Rey suka sekali steak. Kali ini, yang membuatnya lebih menikmati potongan rapi daging sapi di hadapannya adalah tentu saja berkas perjanjian dengan Hang-G Automotive dan wajah cantik Mita yang sedari tadi melayaninya. Potongan steak itu, Mita yang melakukannya. Mita memang calon istri idaman.

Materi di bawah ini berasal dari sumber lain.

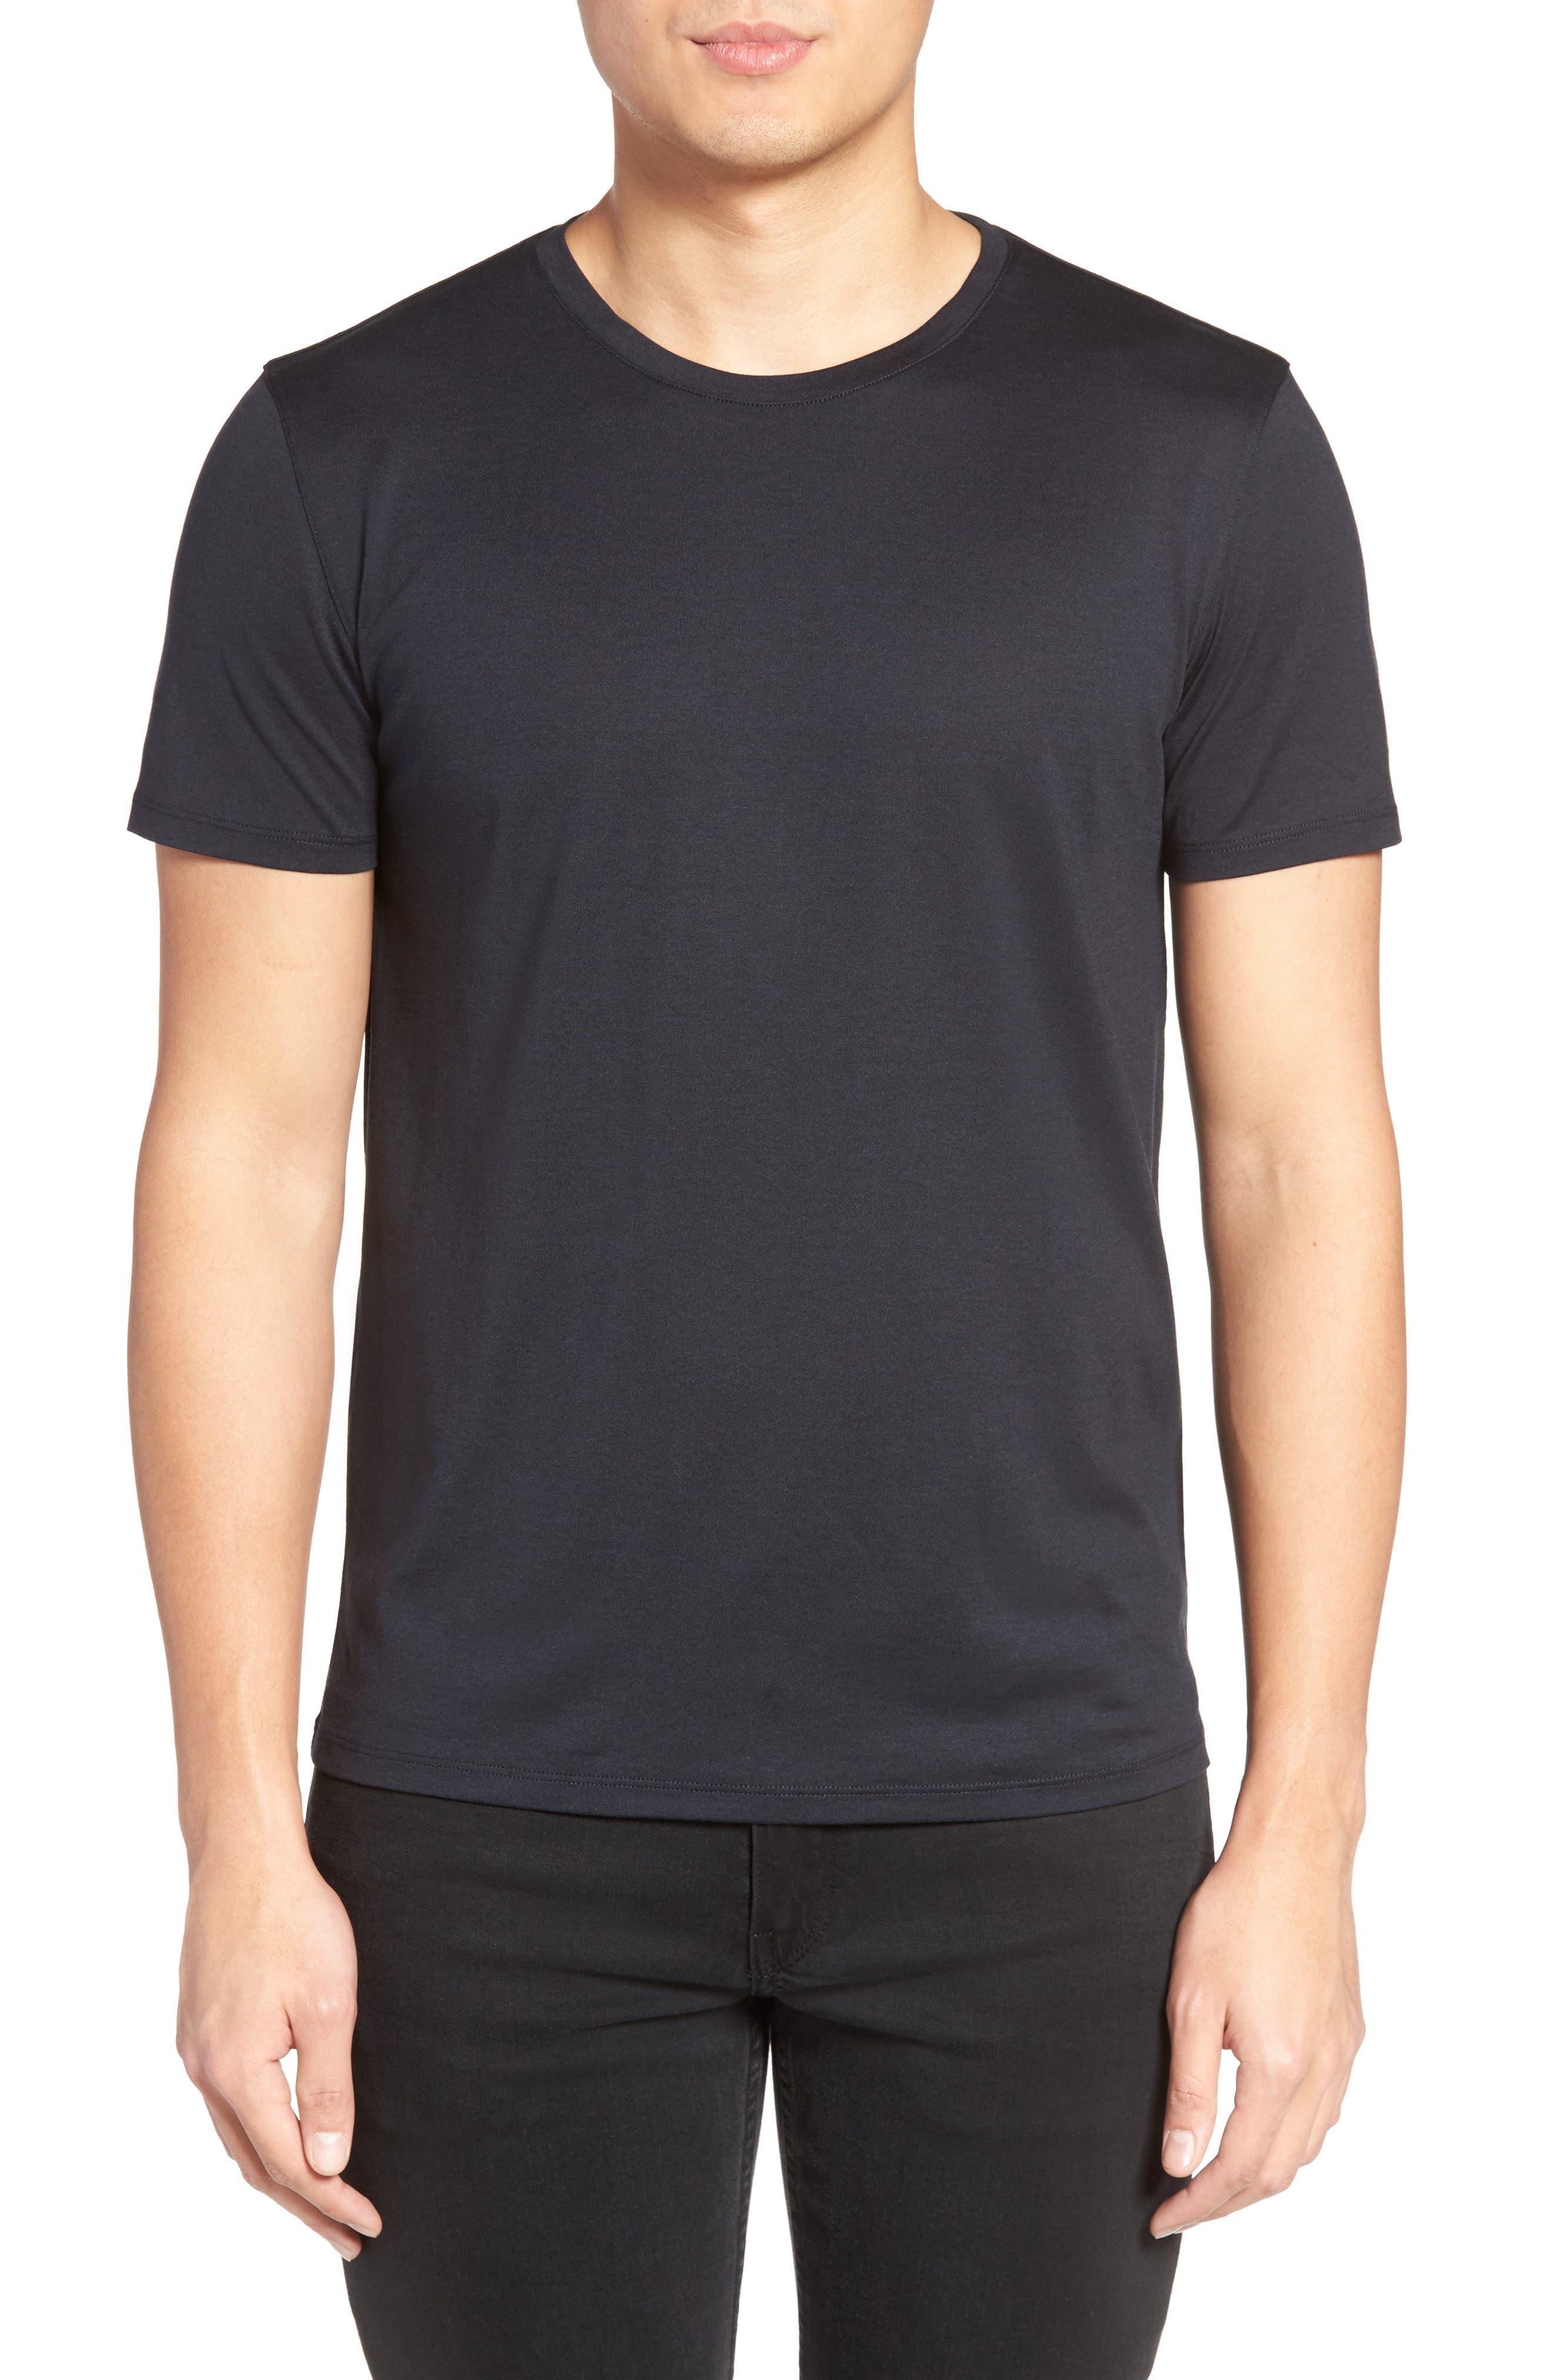 Alternate Image 1 Selected - Theory Silk & Cotton Crewneck T-Shirt

"Kayaknya ada yang lagi seneng malam ini. Sampai-sampai memesan minuman anggur untuk dinner," celetuk Mita. Matanya menyelidik. "Ada apa sih, Sayang?"

"Ada kamu nemenin aku," jawab Rey lalu menyuapkan potongan daging untuk Mita.

"Aku serius. Ada apa sih?" tanya Mita setelah selesai mengunyah. "Jangan main rahasia-rahasiaan sama aku, Sayang."

"Nggak ada apa-apa, Honey. Steak kan cocoknya dengan minuman anggur." Rey mengedipkan sebelah matanya. Ia rasa belum saatnya Mita tahu hal-hal yang terlalu pribadi mengenai dirinya. Di sisi lain, ia pun merasa sanksi apabila Mita harus mengetahui sisi ambisius pada dirinya.

"Oke lah kalau begitu." Mita tidak ingin memaksa meskipun ia tahu Rey tidak seperti biasanya begini. "Oh ya, Sayang. Besok aku—"

"Maaf, Honey." Rey menatap layar ponselnya yang berkedip. "Mama telepon." Kemudian ia memperlihatkan kepada Mita.

"OK."

"Halo, Mam."

"Rey, kamu lagi di mana?" tanya Eylisa dari balik telepon.

"Dinner, Mam, sama Mita.'

"Nanti Mita kenalin sama Mama dong, Rey," pinta Eylisa. "Kamu ya, udah pacaran setahun lebih masa belum pernah diajak ke rumah."

"Nanti ya, Mam. Aku sama Mita masih sibuk dengan urusan pekerjaan." Rey menjawab sambil menatap Mita dan menggenggam tangannya.

"Minggu depan ya, Rey," desak Eylisa.

"Aku diskusi dulu sama Mita, Mam."

"Minggu depan ada kumpul keluarga, Rey. Kamu ajak Mita ya." Seperti sebuah kewajiban, Eylisa nampak tidak peduli dengan agenda anaknya.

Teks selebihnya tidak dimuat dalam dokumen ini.